# Directions for this task:
With the images removed, repeat the data below exactly.

# Collected data:
──────
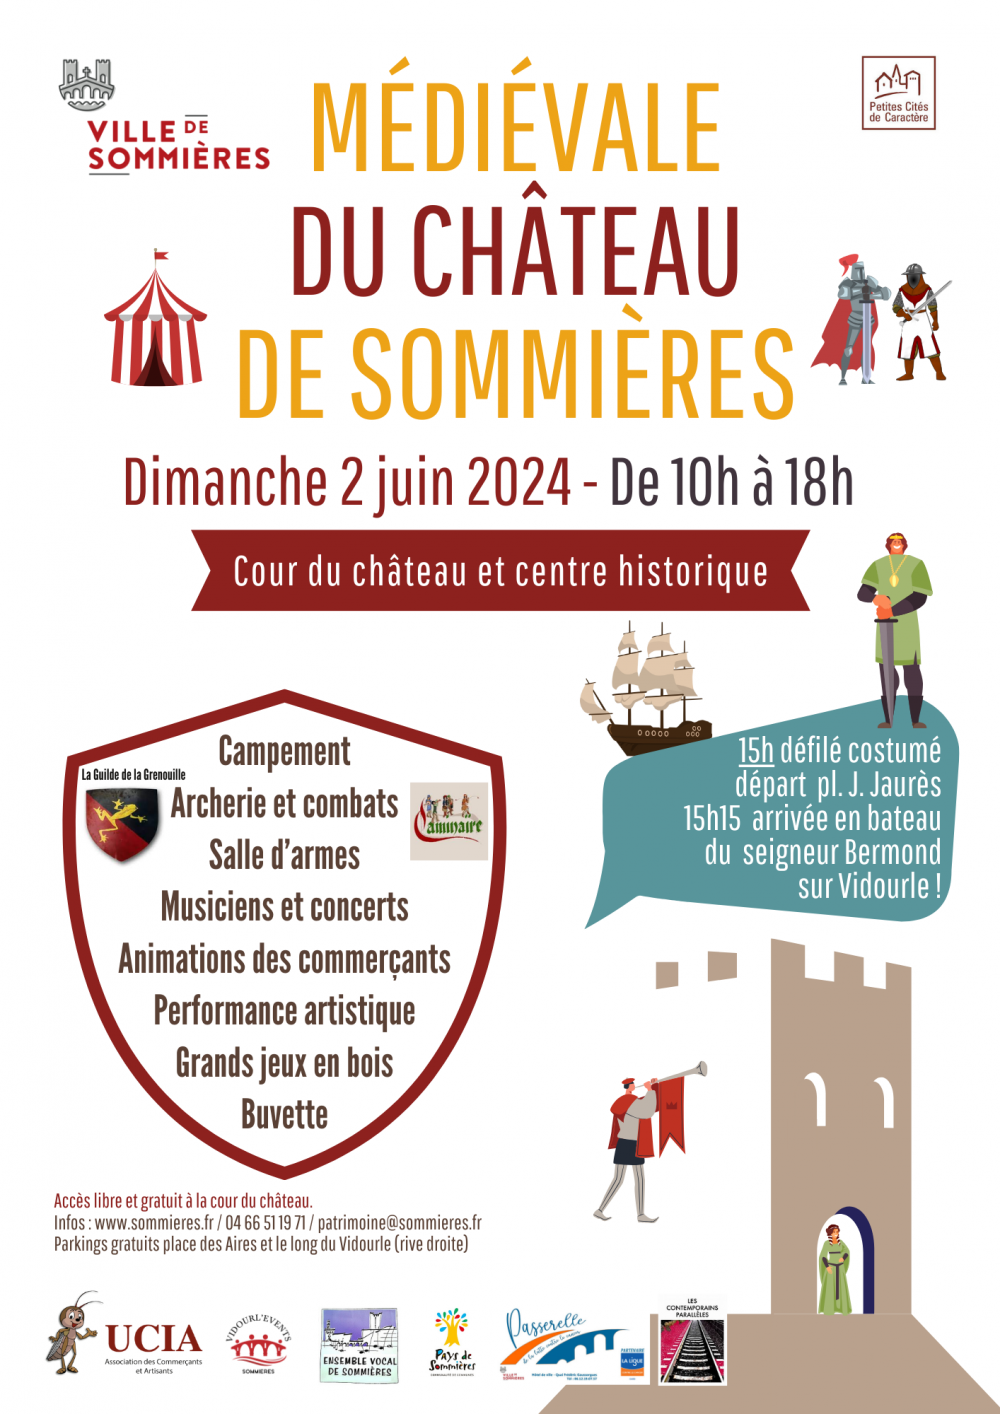 Mdivale du Chteau June 2nd 2024
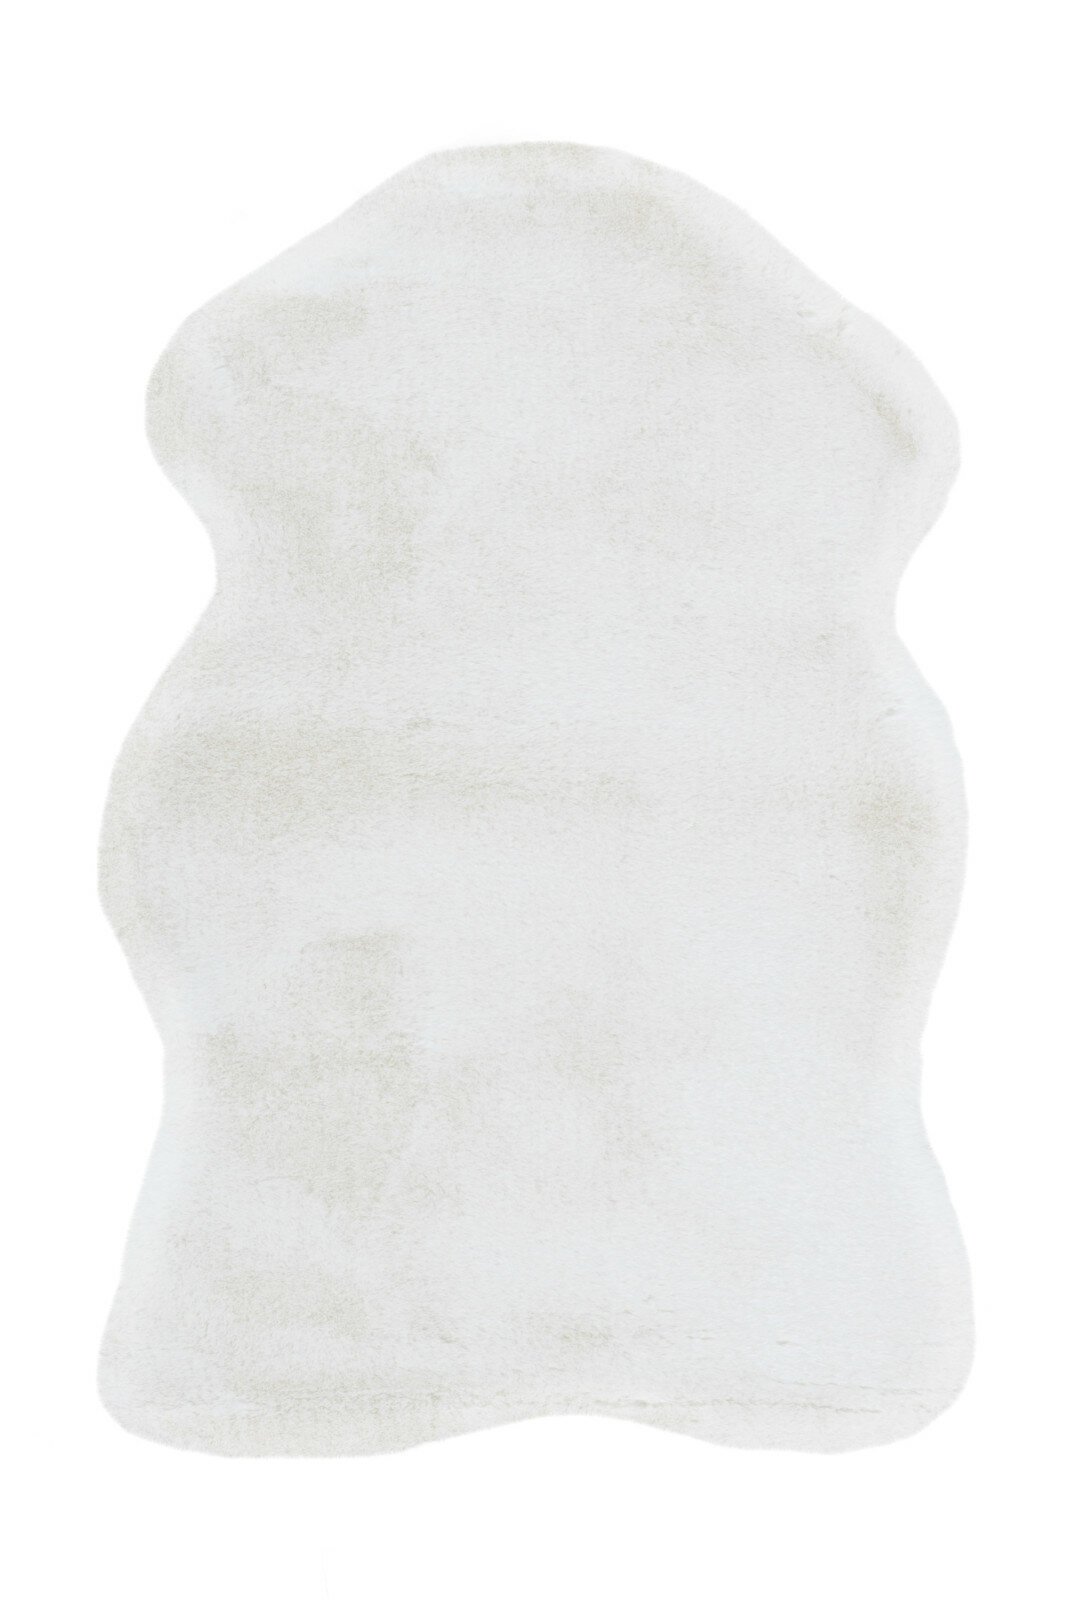 Kunstfell - Kaninchenfell-Haptik - weiß - 60x90 cm | Online bei ROLLER  kaufen
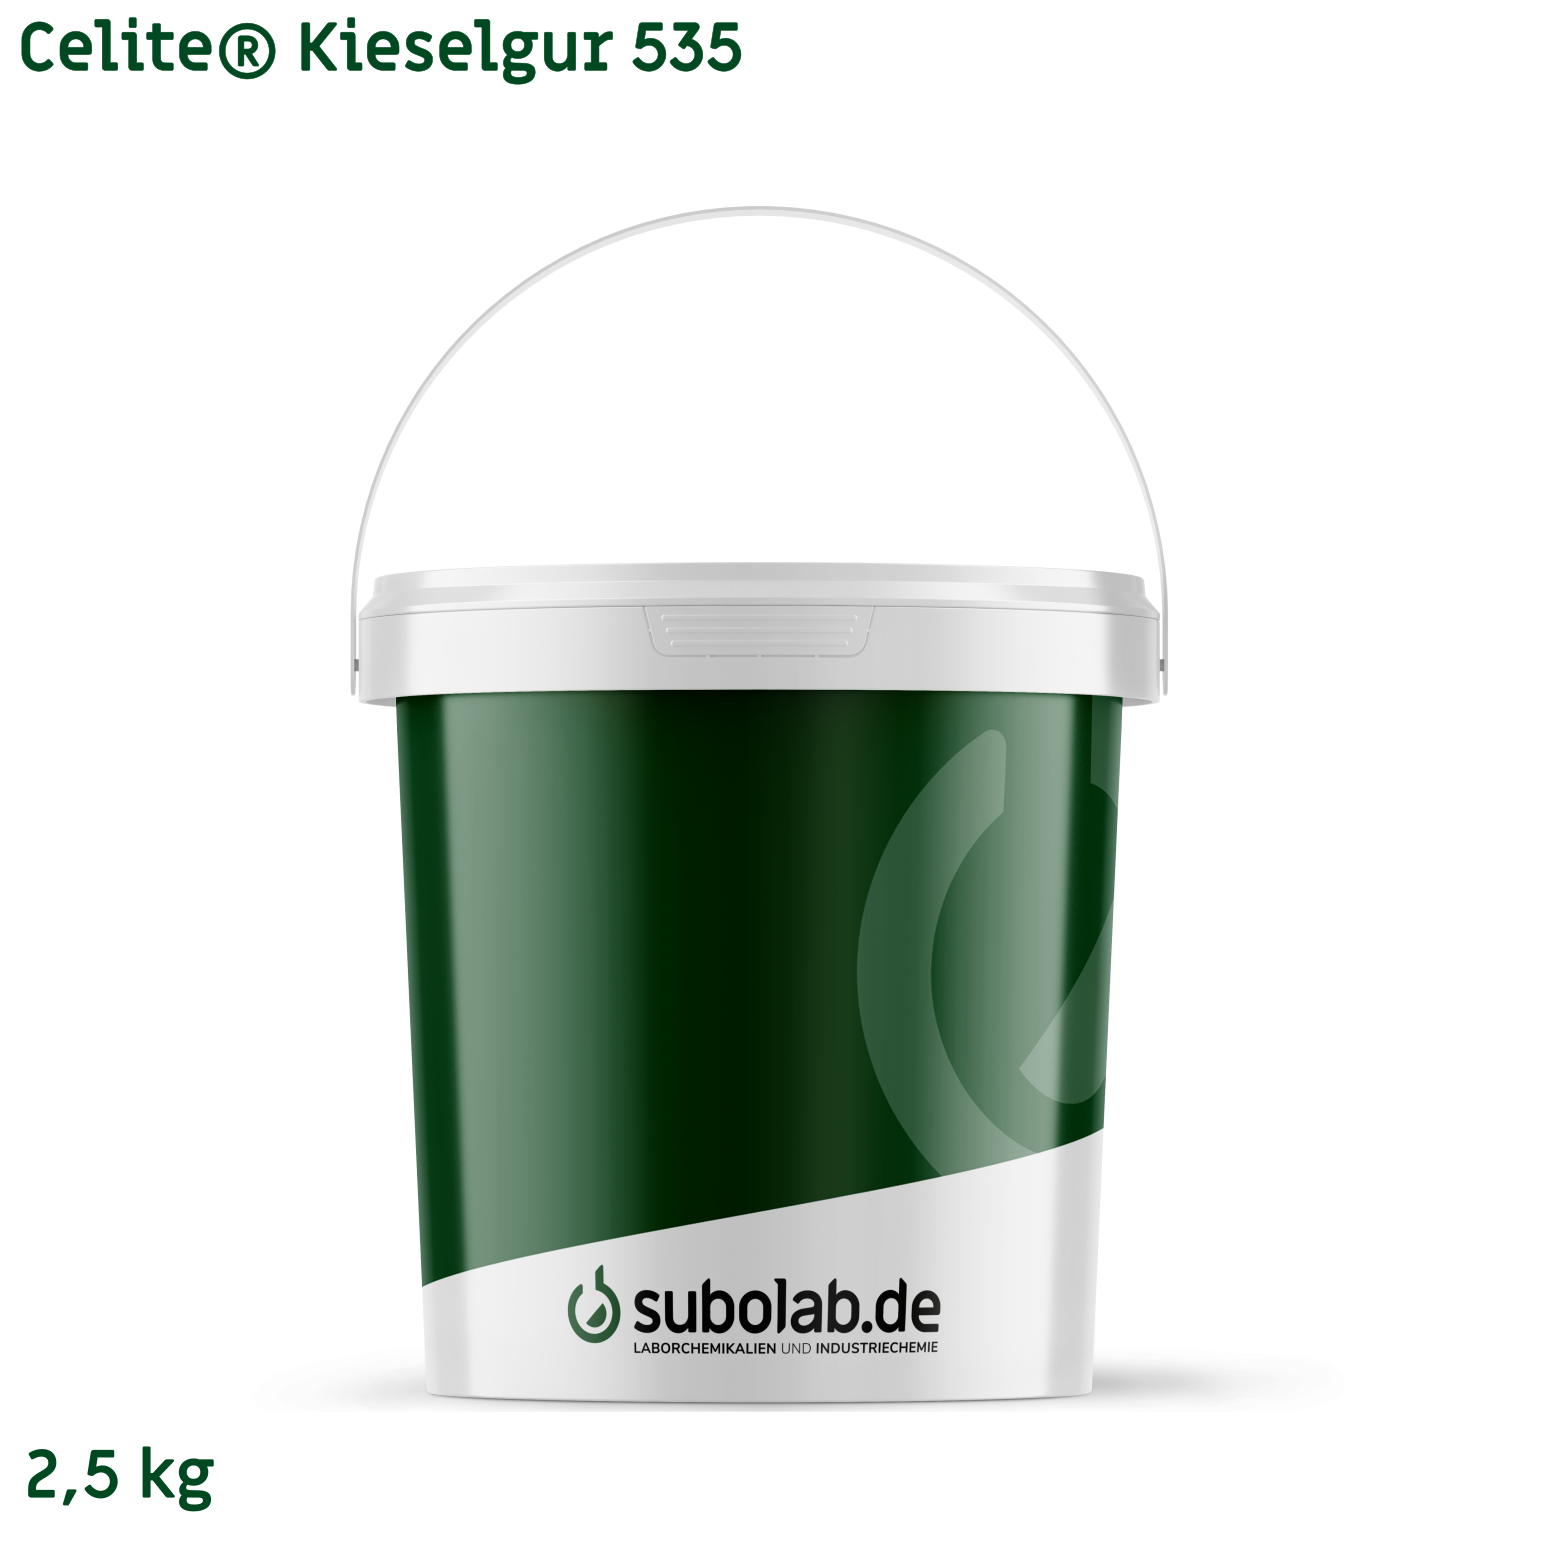 Bild von Celite® Kieselgur 535 (2,5 kg)
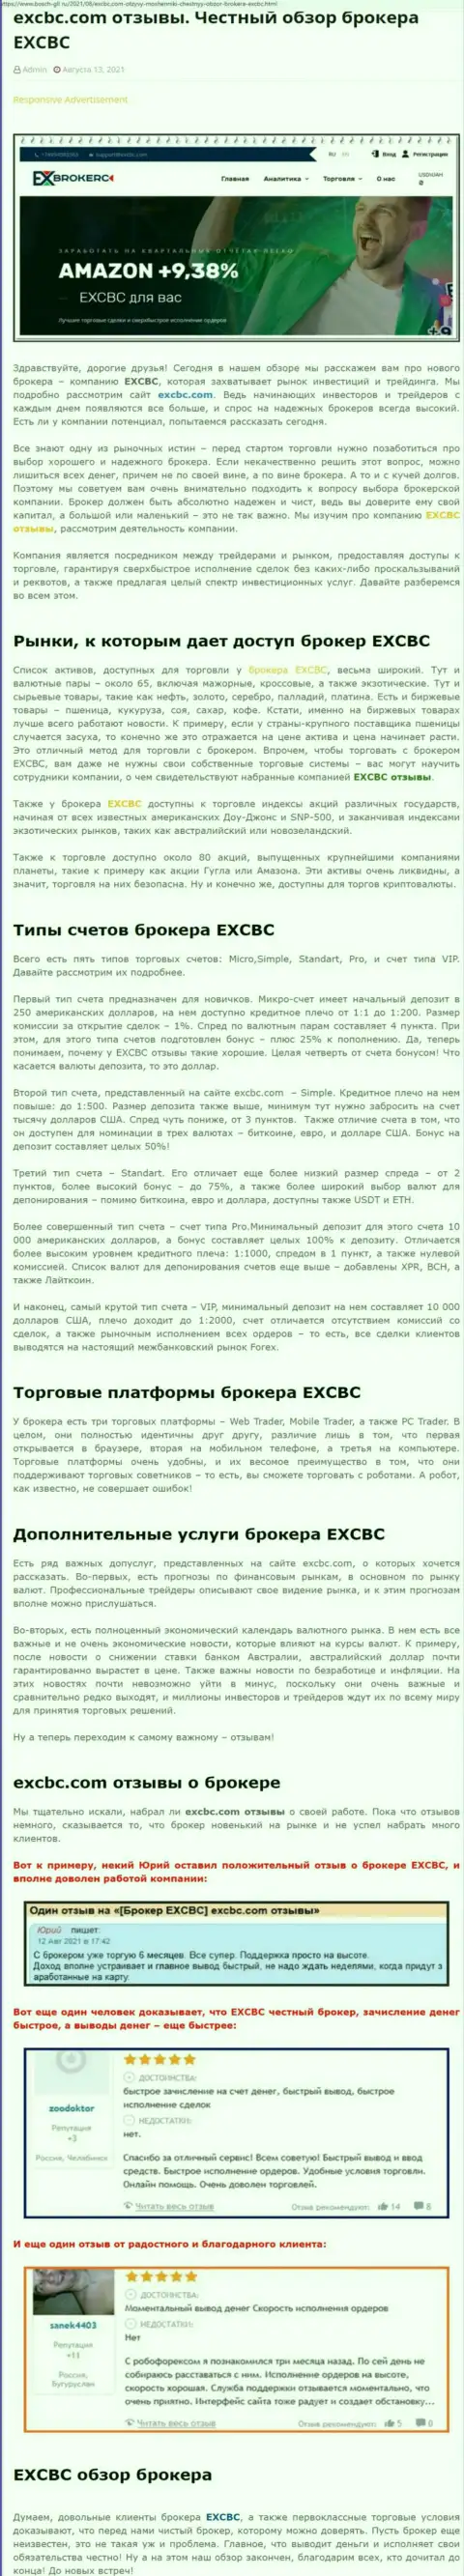 Честный обзор деятельности форекс брокера ЕИксБрокерс на портале Бош-Гил Ру
──────
# Written response:
 Mdivale du Chteau June 2nd 2024
 Kunstfell - Kaninchenfell-Haptik - weiß - 60x90 cm | Online bei ROLLER  kaufen
 Bild von Celite® Kieselgur 535 (2,5 kg)
 Честный обзор деятельности форекс брокера ЕИксБрокерс на портале Бош-Гил Ру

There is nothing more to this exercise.